United States President Donald Trump shocked European allies and Ukraine this week by calling his Russian counterpart, Vladimir Putin, without consulting them or Kyiv beforehand and declaring an immediate start to peace talks.

Things ‘moving quickly’

Trump’s Ukraine envoy, General Keith Kellogg, said on Saturday that Europe will not have a seat at the table for Ukraine peace talks after Washington sent a questionnaire to European capitals to ask what they could contribute to security guarantees for Kyiv.

Al Jazeera’s James Bays, reporting from Munich, said an emergency meeting of foreign ministers of the European Union “hastily convened” over concerns that they – as well as Ukraine – might be sidelined in the US-led peace talks with Russia that are expected to take place in Saudi Arabia in the coming days.

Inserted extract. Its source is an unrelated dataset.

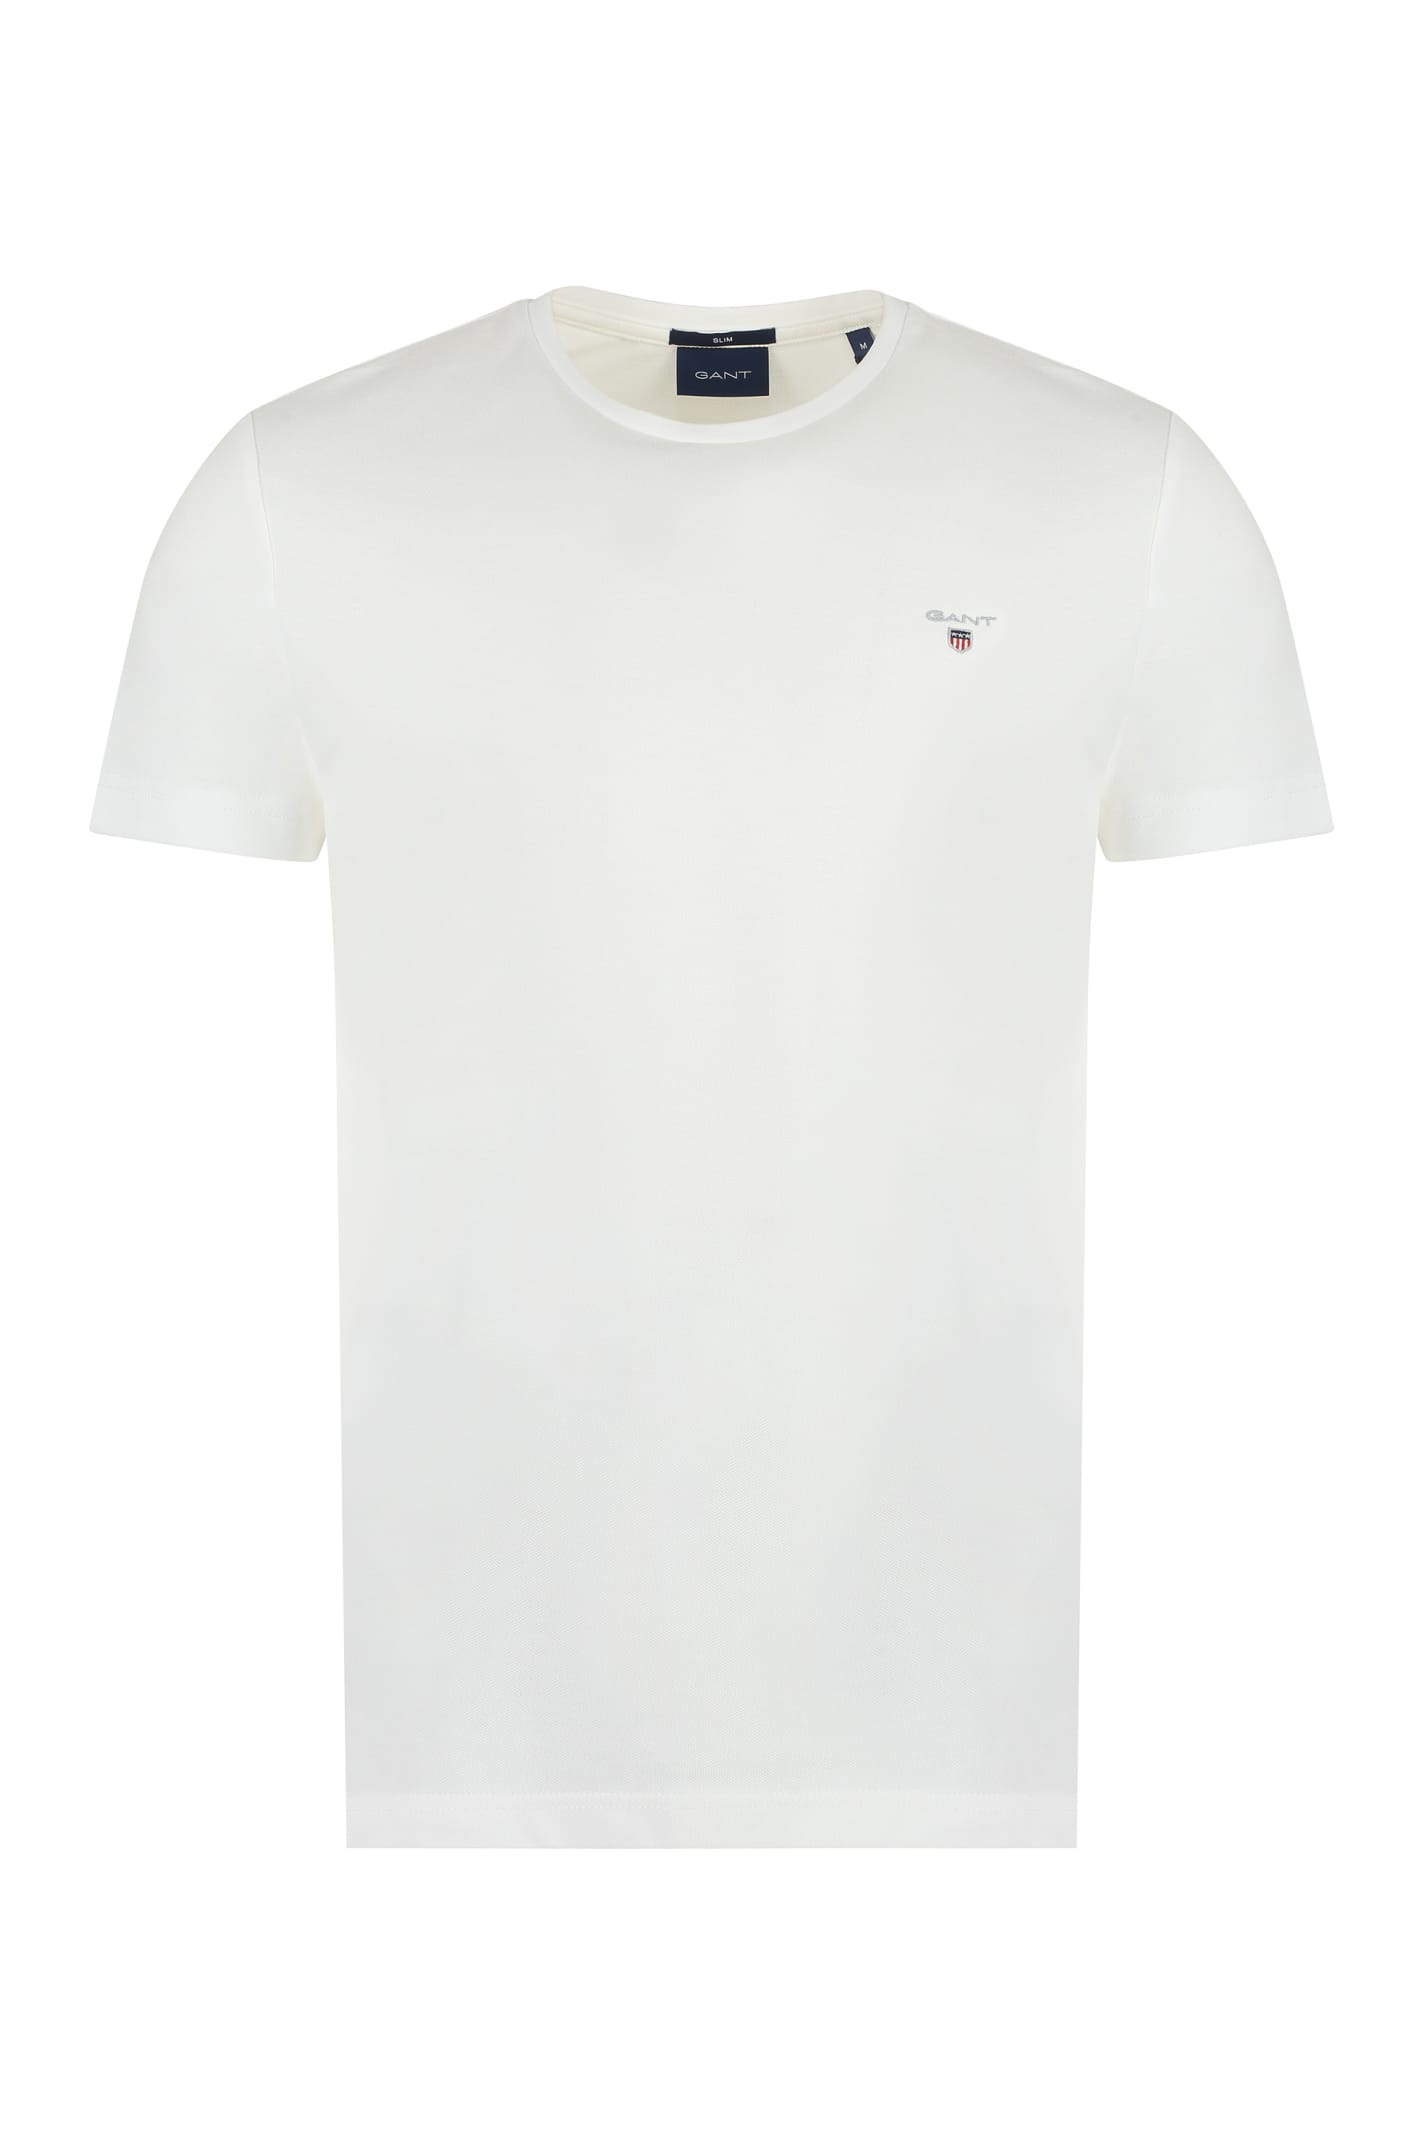 Gant Cotton Piqué T-shirt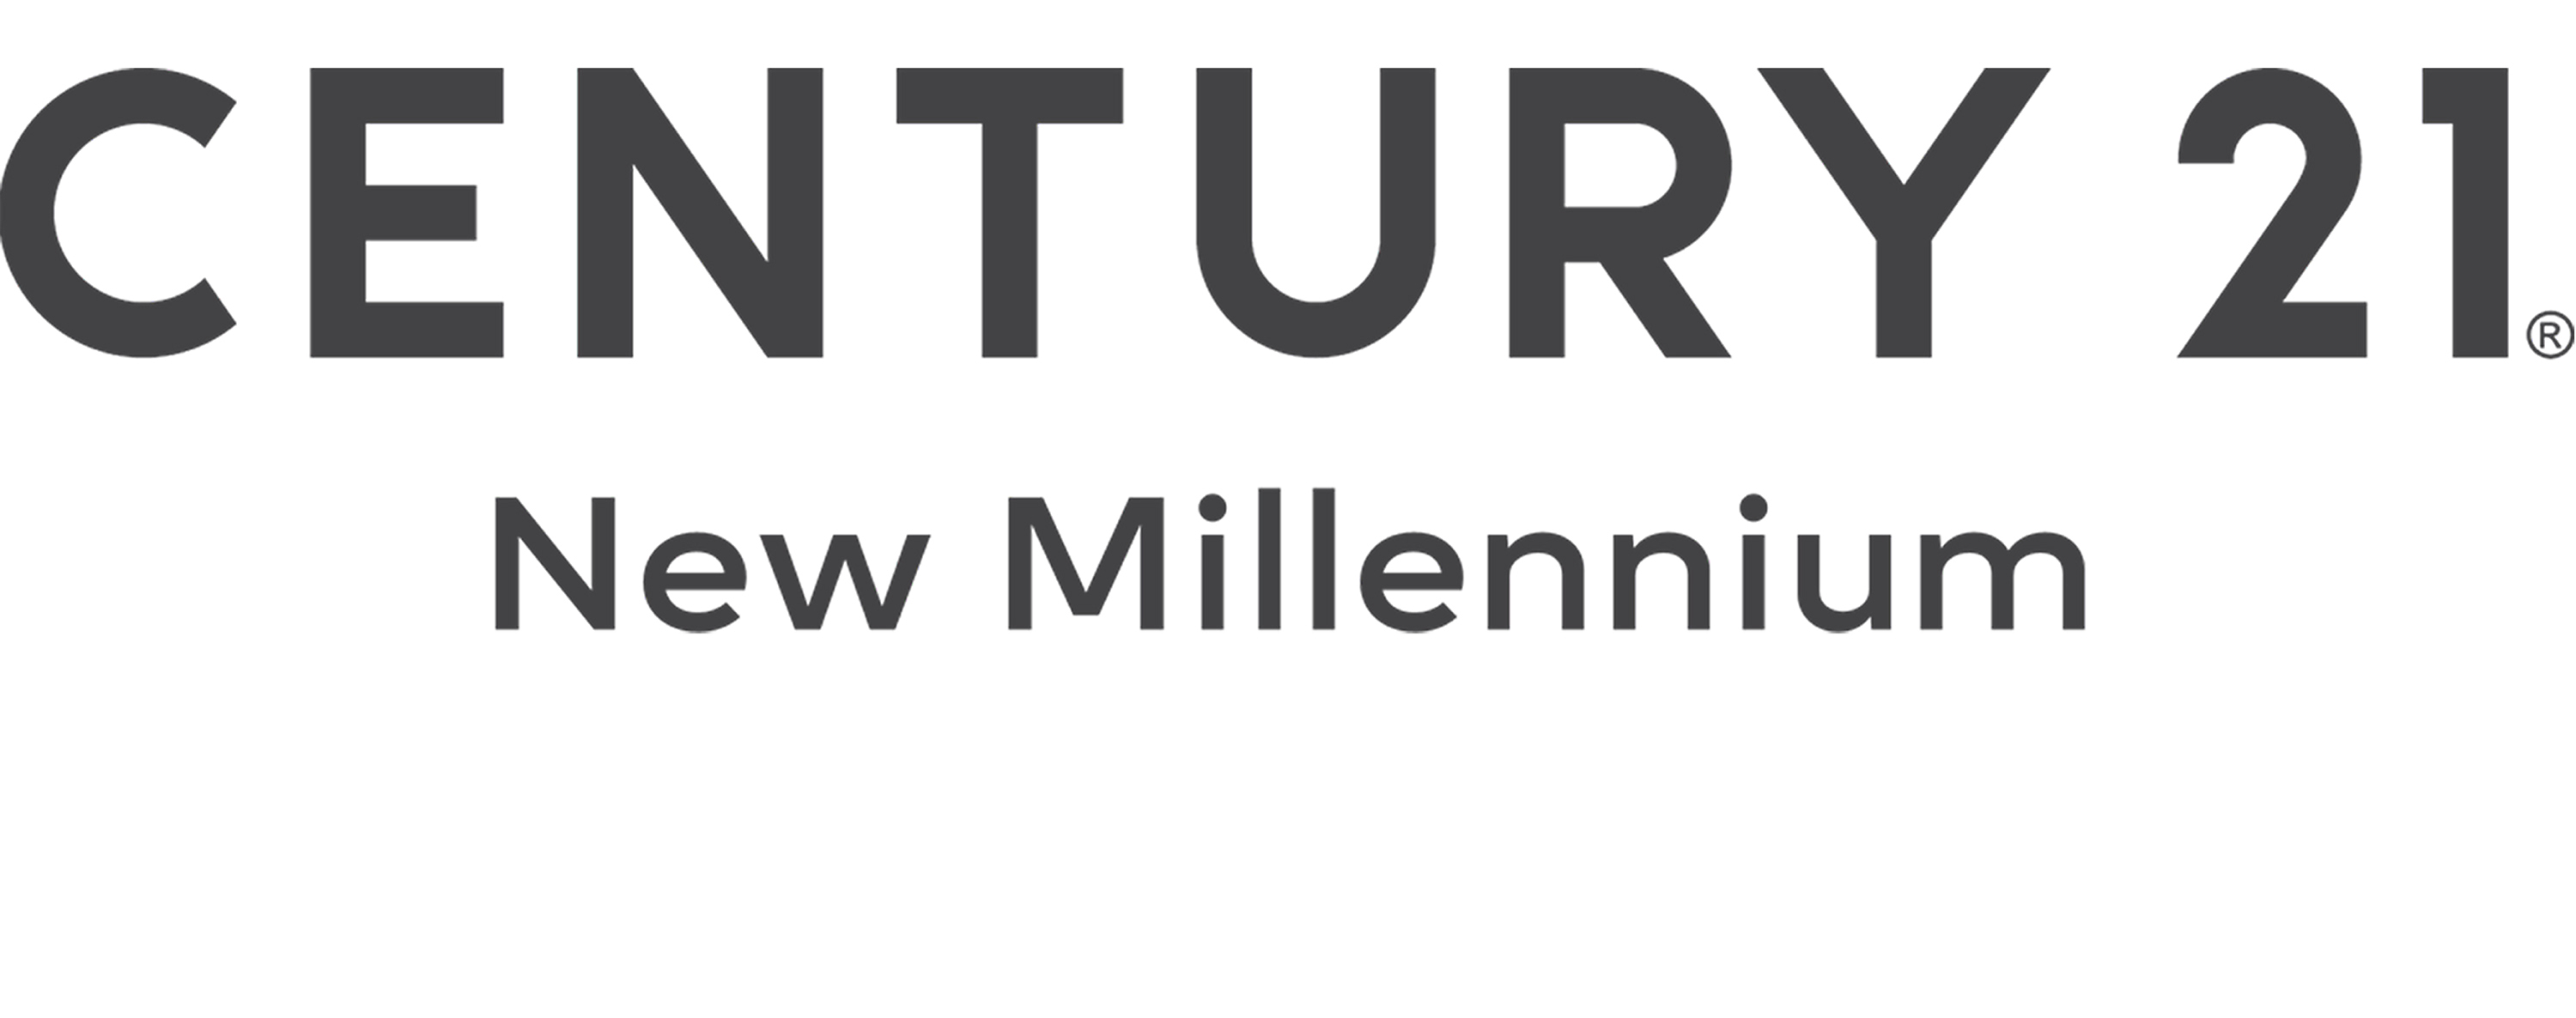 Century 21 New Millennium

However, French Foreign Minister Jean-Noel Barrot told France Inter radio on Sunday that President Emmanuel Macron would host the meeting as planned.

Five European diplomats said the meeting would include France, the United Kingdom, Germany, Poland, Italy, Spain and Denmark, which would represent Baltic and Scandinavian countries.

“There cannot be anything [done] without Ukraine and also anything without Europe,” said Estonian Foreign Minister Margus Tsahkna.

He also confirmed that leaders would meet on Monday.

“Things are moving quickly,” he told Al Jazeera. “We must be sure and clear about what we are going to do.”

He said European countries can still deliver “support” and “funds” that they have promised.

On Saturday, Zelenskyy called for the creation of a European army, arguing the continent could no longer be sure of US protection and would only get respect from Washington with a strong military.

In response, Polish Foreign Minister Radoslaw Sikorski said in an interview that European countries will not create one unified army in response to threats from Russia.

Asked about the possibility of the creation of a European army, Sikorski told state broadcaster TVP World, “We should be careful with this term because people understand different things.”